# Titanic Survival Classification – Data Preparation

## 1. Setup and Data Load
## 2. Initial Exploration
## 3. Preprocessing
## 4. Feature and Target Selection
## 5. Save Cleaned Data (Optional)

In [None]:
import pandas as pd

# Load Titanic dataset
file_path = 'data/titanic.csv'  # adjust if needed
titanic_data = pd.read_csv(file_path)

In [None]:
# View basic dataset shape
print("Shape:", titanic_data.shape)

# Preview column names
print("\nColumns:")
print(titanic_data.columns.tolist())

# Show first few rows
print("\nTop rows:")
print(titanic_data.head())

# Summary statistics
print("\nSummary statistics:")
print(titanic_data.describe(include='all'))

# Check for missing values
print("\nMissing values per column:")
print(titanic_data.isnull().sum())

Initial inspection shows several columns with missing values (e.g., Age, Cabin). We'll decide how to handle them based on model needs.

In [None]:
# Drop columns unlikely to help with classification or too incomplete
titanic_data = titanic_data.drop(columns=['Cabin', 'Ticket', 'Name'])

# Drop rows with missing target ('Survived') or critical features
titanic_data = titanic_data.dropna(subset=['Survived', 'Embarked'])

# Fill missing Age with median
titanic_data['Age'] = titanic_data['Age'].fillna(titanic_data['Age'].median())

# Encode 'Sex' and 'Embarked'
titanic_data['Sex'] = titanic_data['Sex'].map({'male': 0, 'female': 1})
titanic_data['Embarked'] = titanic_data['Embarked'].map({'S': 0, 'C': 1, 'Q': 2})

In [None]:
# Define target and features
y = titanic_data['Survived']

feature_names = ['Pclass', 'Sex', 'Age', 'SibSp', 'Parch', 'Fare', 'Embarked']
X = titanic_data[feature_names]

print(X.head())
print(y.head())

In [None]:
# Save cleaned data
titanic_data.to_csv('data/titanic_cleaned.csv', index=False)

## Notes – Day 4

- Loaded Titanic dataset and explored structure and missing values.
- Dropped irrelevant columns (Name, Ticket, Cabin).
- Filled missing Age values with median, dropped missing Embarked rows.
- Encoded 'Sex' and 'Embarked' for modeling.
- Selected 7 features to use in classification modeling tomorrow.
- Dataset is clean and ready for training.
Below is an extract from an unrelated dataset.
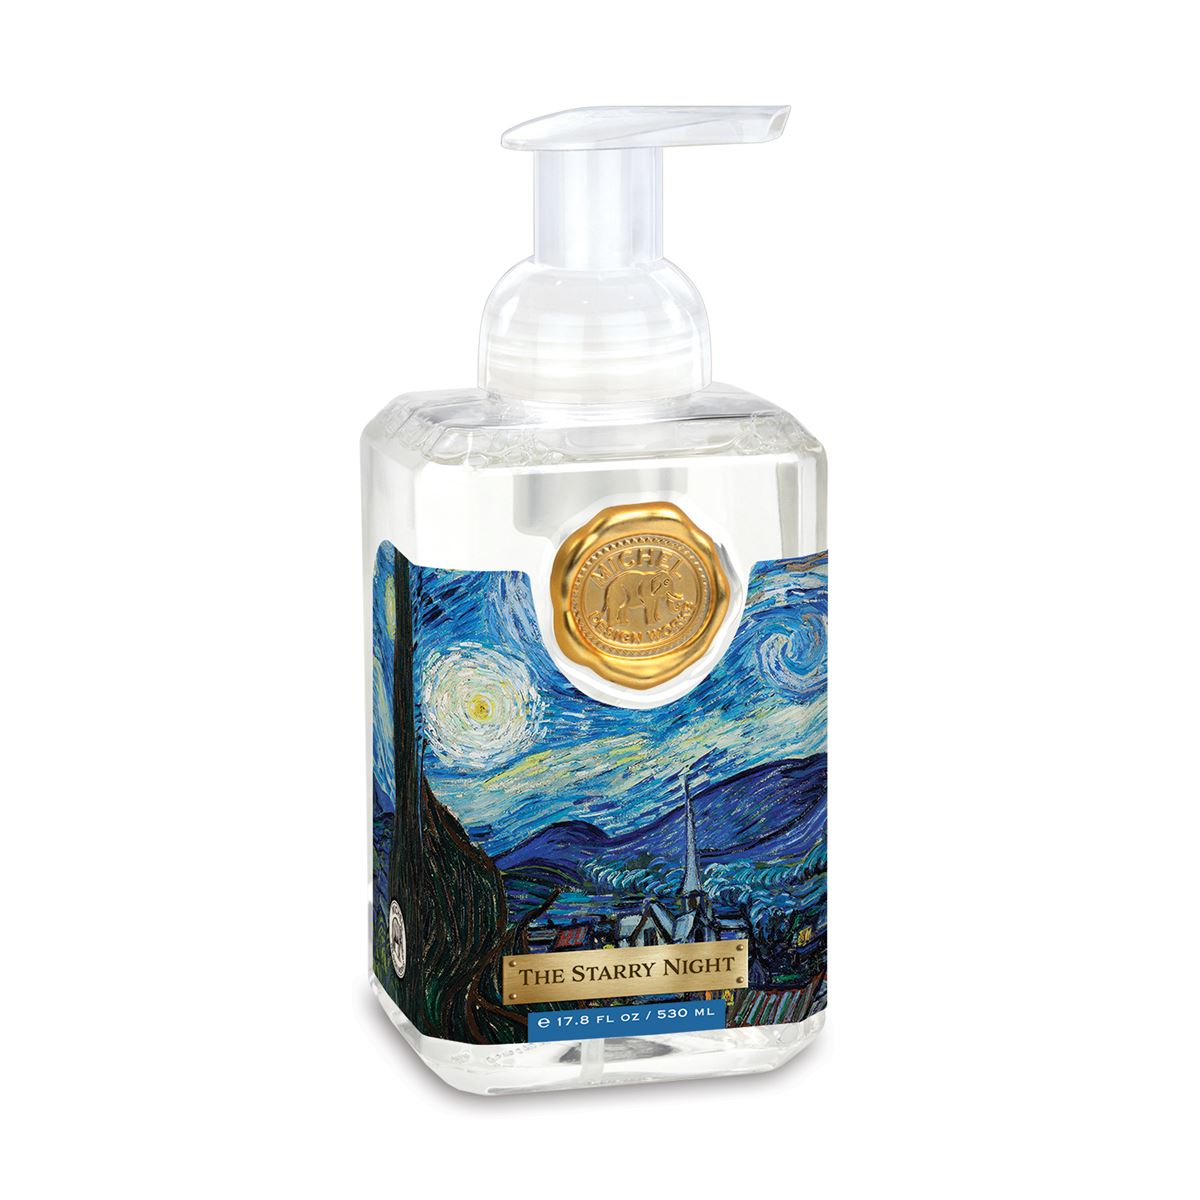 The Starry Night Foaming Hand Soap by Michel Design Works

## Day 5 – Train/Test Split and Decision Tree Classification

Today’s goal is to train a DecisionTreeClassifier to predict Titanic survival.  
We'll evaluate its accuracy and interpret the model using a confusion matrix, precision, and recall.

In [None]:
import pandas as pd
from sklearn.model_selection import train_test_split
from sklearn.tree import DecisionTreeClassifier
from sklearn.metrics import accuracy_score, confusion_matrix, precision_score, recall_score

In [None]:
titanic_data = pd.read_csv('data/titanic_cleaned.csv')

y = titanic_data['Survived']
feature_names = ['Pclass', 'Sex', 'Age', 'SibSp', 'Parch', 'Fare', 'Embarked']
X = titanic_data[feature_names]

In [None]:
train_X, val_X, train_y, val_y = train_test_split(X, y, random_state=1)

In [None]:
model = DecisionTreeClassifier(random_state=1)
model.fit(train_X, train_y)

In [None]:
val_predictions = model.predict(val_X)
accuracy = accuracy_score(val_y, val_predictions)
print(f"Validation Accuracy: {accuracy:.3f}")

In [None]:
cm = confusion_matrix(val_y, val_predictions)
precision = precision_score(val_y, val_predictions)
recall = recall_score(val_y, val_predictions)
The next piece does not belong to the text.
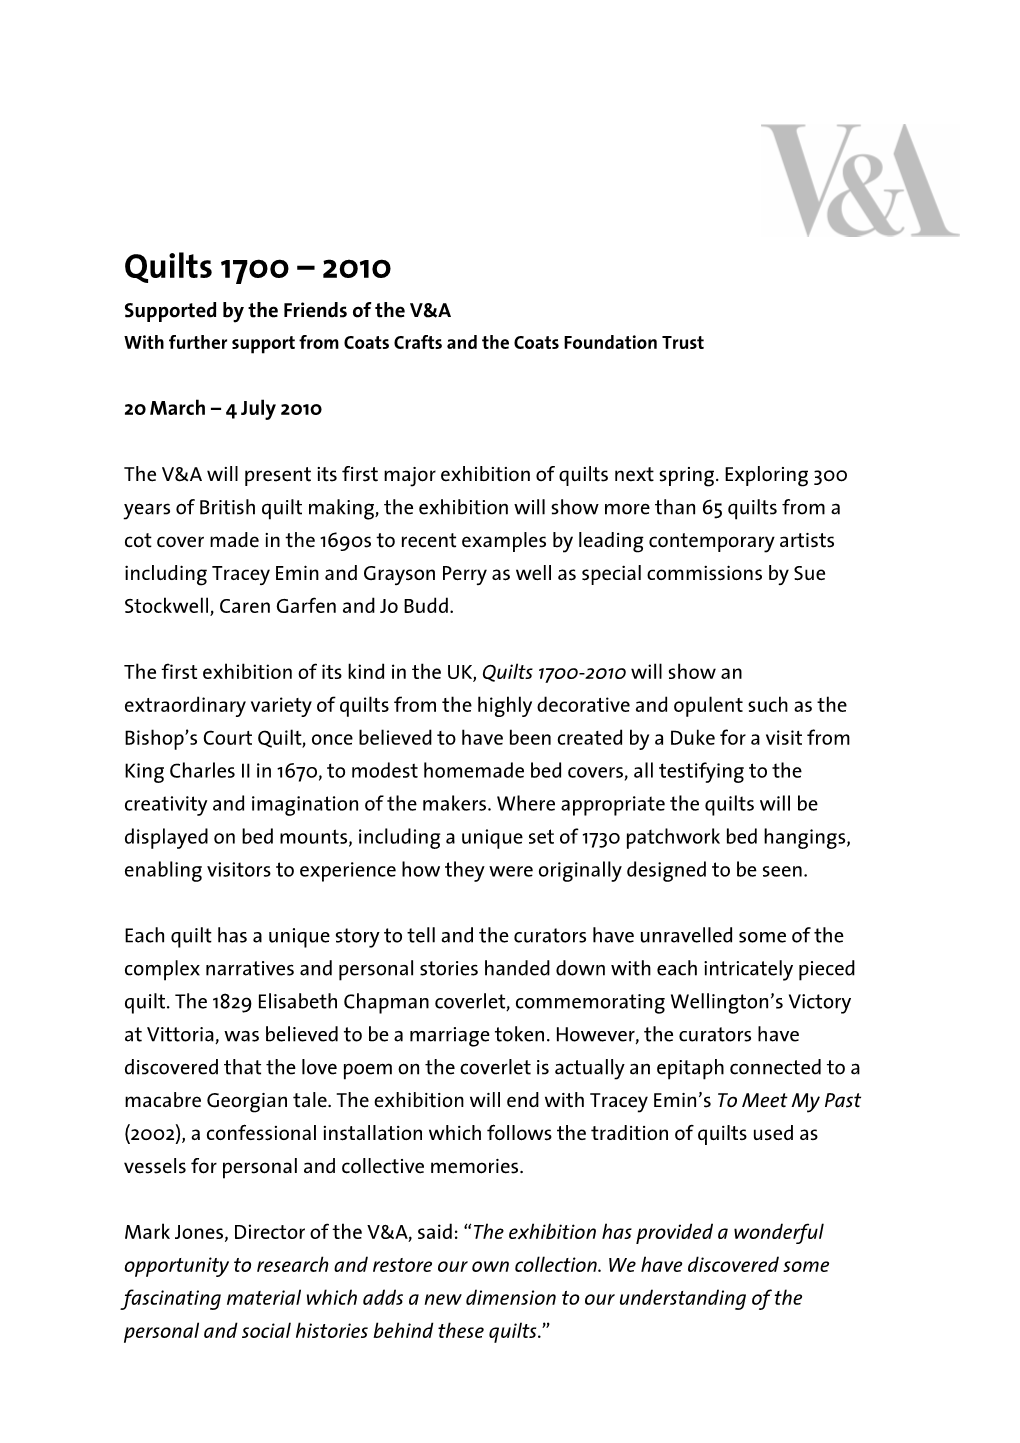 Finalquilts Press Release

print("Confusion Matrix:\n", cm)
print(f"Precision: {precision:.3f}")
print(f"Recall: {recall:.3f}")

## Day 5 Results – Titanic Classification

- **Model:** DecisionTreeClassifier
- **Validation Accuracy:** 80.3%
- **Confusion Matrix:**

| Actual \ Predicted | 0 (Did Not Survive) | 1 (Survived) |
|--------------------|---------------------|--------------|
| **0 (Did Not Survive)** | 113                 | 25           |
| **1 (Survived)**         | 19                  | 66           |

- **Precision:** 72.5% – Of the predicted survivors, 72.5% actually survived.
- **Recall:** 77.6% – The model correctly identified 77.6% of the actual survivors.

### Interpretation

- The model performs reasonably well out of the box.
- Slight bias toward predicting non-survivors (class 0), but catches most real survivors.
- Future improvements could include:
  - Trying a `max_depth` limit to reduce overfitting.
  - Testing a RandomForestClassifier for better generalization.
  - Exploring class imbalance solutions (e.g. balanced weights).